Arhaus (NASDAQ:ARHS) executives highlighted record annual revenue, continued showroom expansion, and a stepped-up investment cycle during the company’s fourth-quarter and full-year 2025 earnings call, while also outlining tariff expectations and guidance for 2026.

Record revenue in 2025 as Arhaus points to resilience in high-end demand

Founder, Chairman and CEO John Reed said the company finished 2025 with “a strong year of execution,” arguing that Arhaus’ long-term thesis is working despite macro volatility such as softer housing turnover, tariffs, and broader uncertainty. For the full year, Reed said Arhaus delivered record net revenue of $1.38 billion, up 8.5% year-over-year, and noted that net revenue has nearly tripled since 2019.

Reed framed demand as “highly considered” among Arhaus’ higher-end clients and said purchases are often deferred rather than lost when uncertainty increases. He pointed to record total written sales, the highest written sales in company history for upholstery, strong momentum in customization, and record written sales tied to clients working with Arhaus interior designers. Reed also emphasized a mix of demand drivers that includes refresh projects and home renovations, with housing turnover described as incremental upside as activity normalizes.

Reed said interior designers-assisted projects generate average order values more than four times standard orders, and he highlighted the trade channel as a long-term growth opportunity, citing a U.S. interior design market size of approximately $27 billion.

Product, customization, and sourcing flexibility

Reed said 2025 represented one of the strongest periods of innovation in the company’s history, with designs that leaned into “richer colors, pattern, and texture” and a more traditional aesthetic.
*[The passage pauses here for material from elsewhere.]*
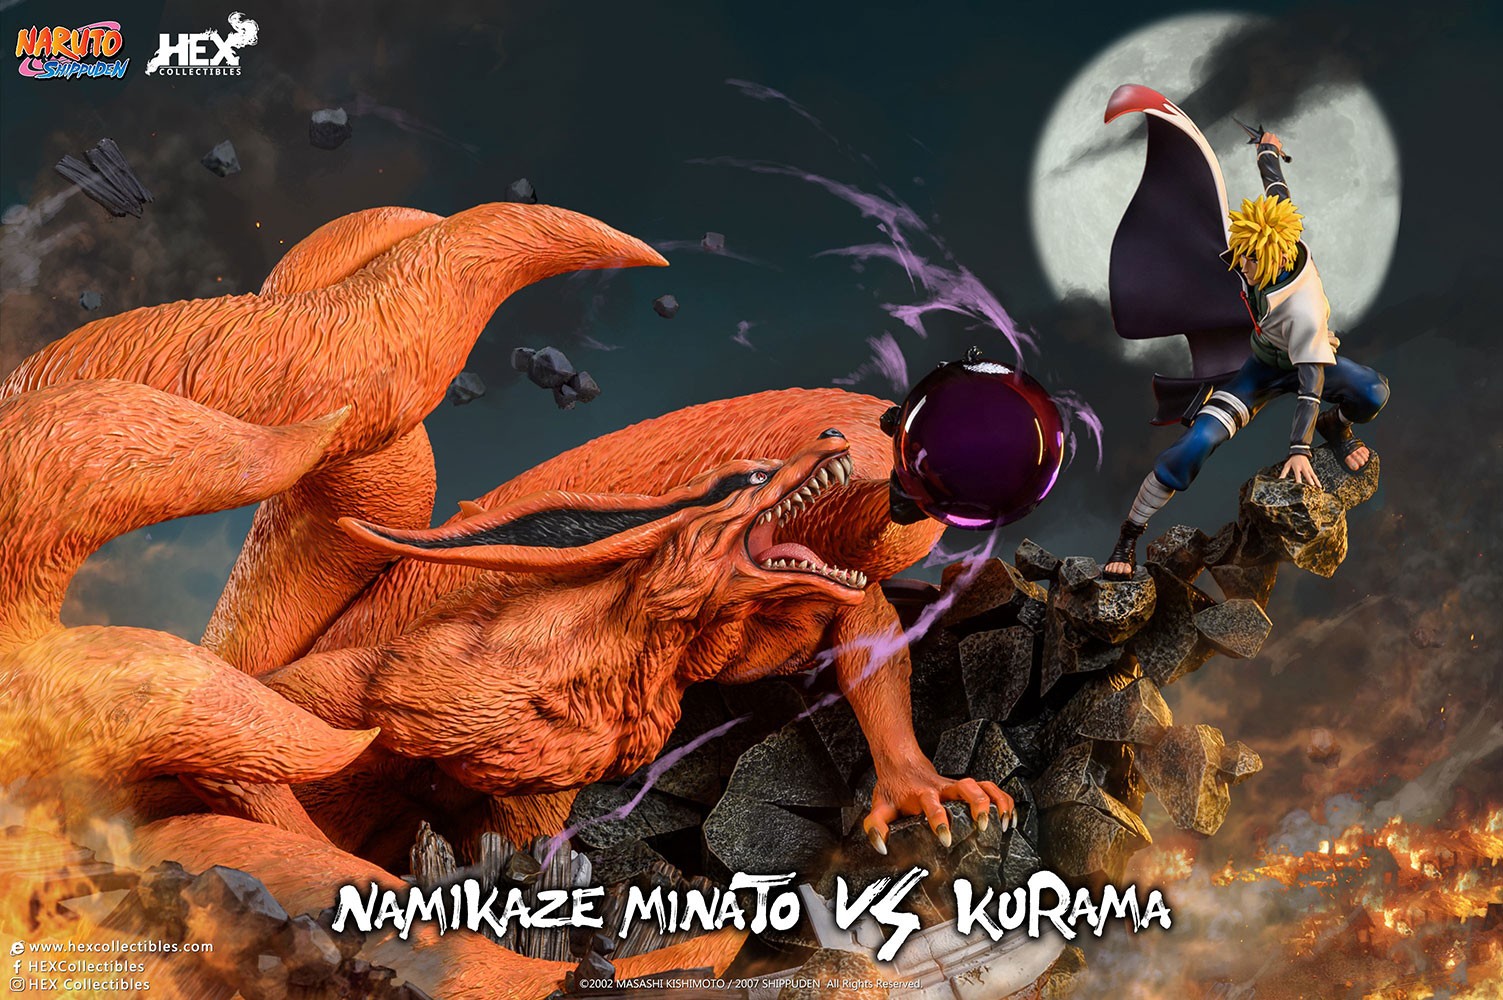 Namikaze Minato vs Kurama- Prototype Shown
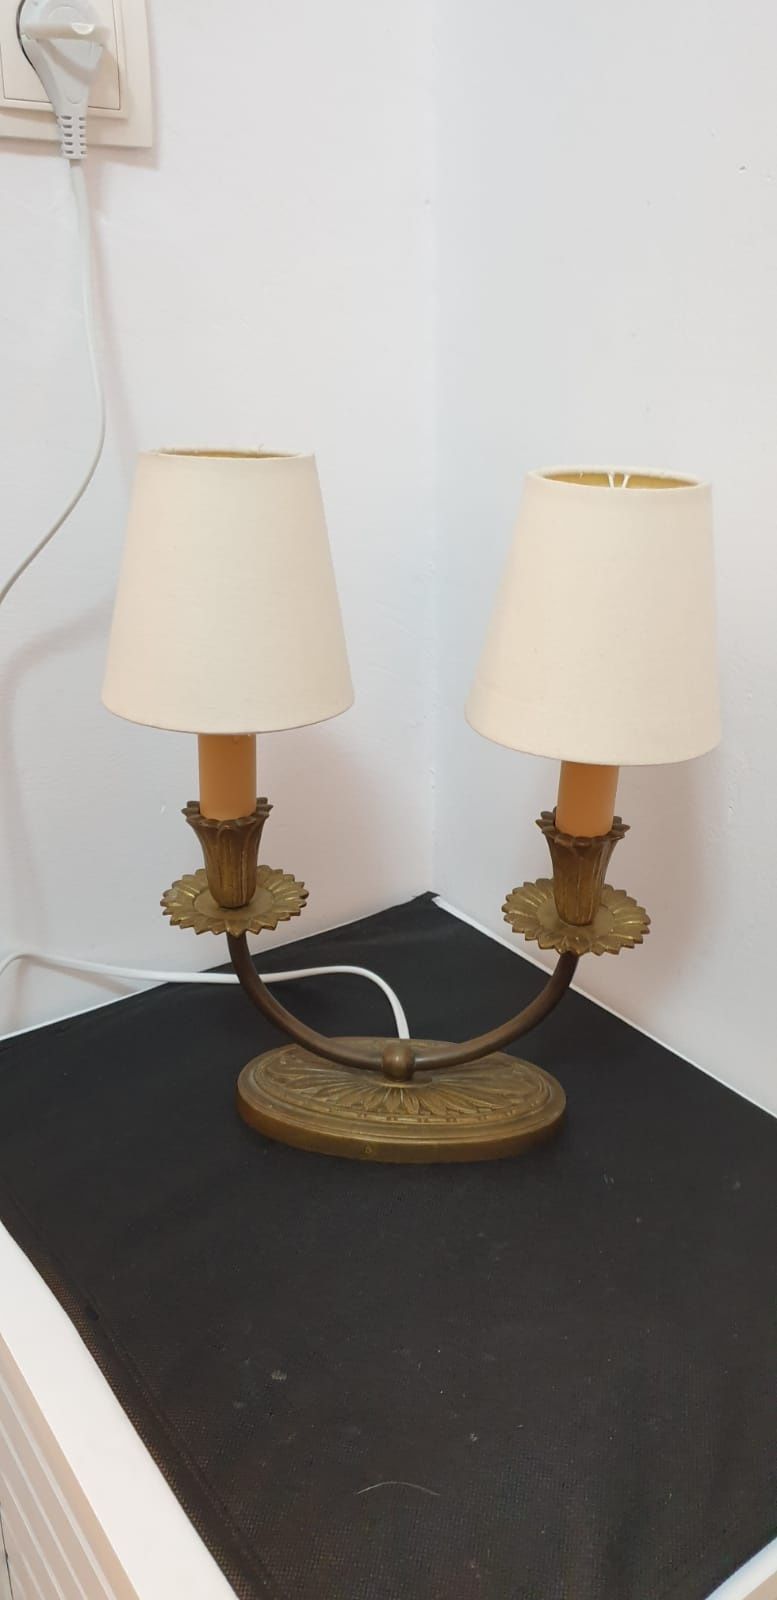 Lampa veioza vintage colectie bronz masiv Belgia 1950

He described customers as increasingly using customization—selecting from hundreds of fabrics, leathers, finishes, and silhouettes—supported by expanded domestic upholstery capabilities at the company’s North Carolina manufacturing facility.

On sourcing, Reed said no single country defines Arhaus’ strategy, which provides flexibility in a volatile trade environment. He stated that in 2025 the United States represented approximately 32% of total receipts, including internal manufacturing, and that about 70% of upholstery sourcing was domestic, with the largest portion produced in Arhaus’ North Carolina facilities.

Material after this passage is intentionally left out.